THE TASK
An exact transcription is needed of the lines below from the one with "milanophoto's Profile Picture" through the one with "Schweiz - Beamtenbillet", with no other lines and no pictures.

INPUT DATA

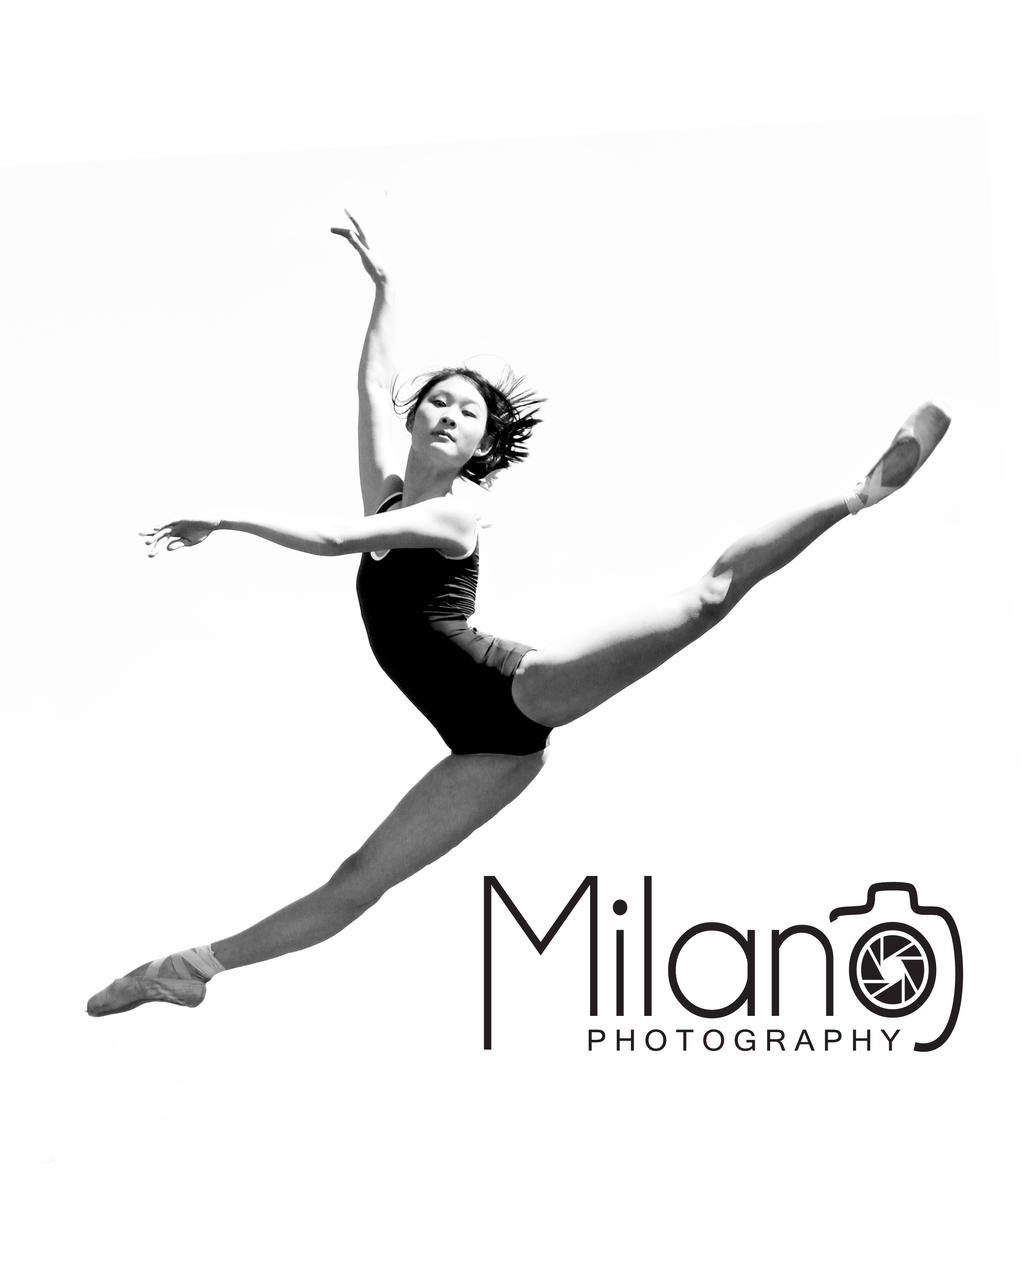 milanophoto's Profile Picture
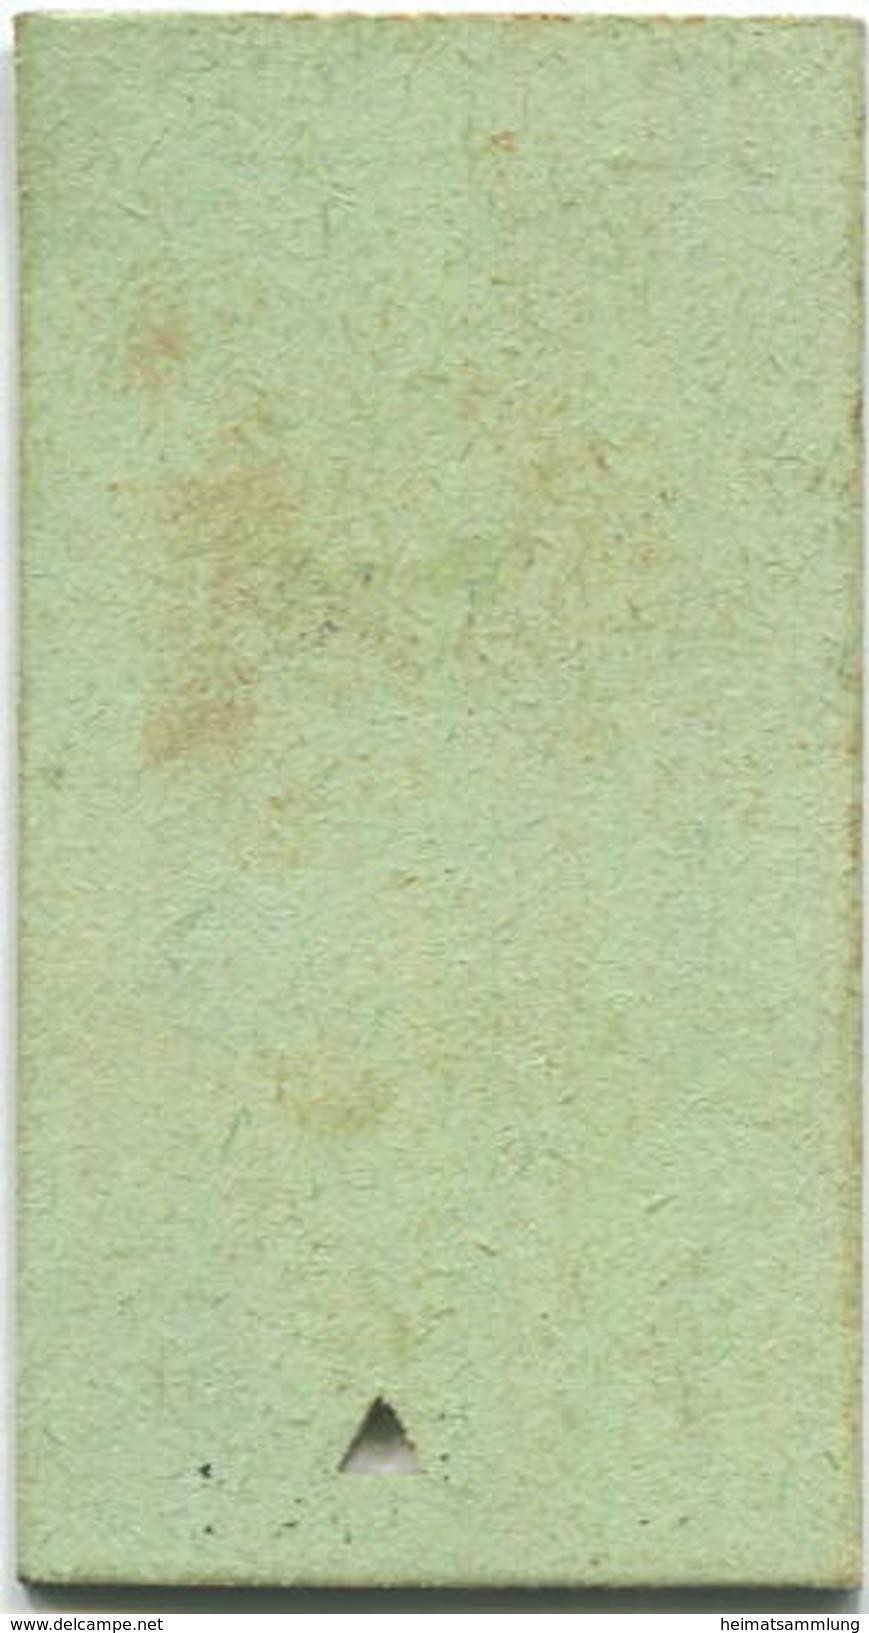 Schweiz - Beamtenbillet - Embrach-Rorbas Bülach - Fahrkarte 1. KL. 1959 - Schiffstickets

...

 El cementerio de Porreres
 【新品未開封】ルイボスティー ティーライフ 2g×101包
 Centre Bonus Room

RESULT
 milanophoto's Profile Picture
 Schweiz - Beamtenbillet - Embrach-Rorbas Bülach - Fahrkarte 1. KL. 1959 - Schiffstickets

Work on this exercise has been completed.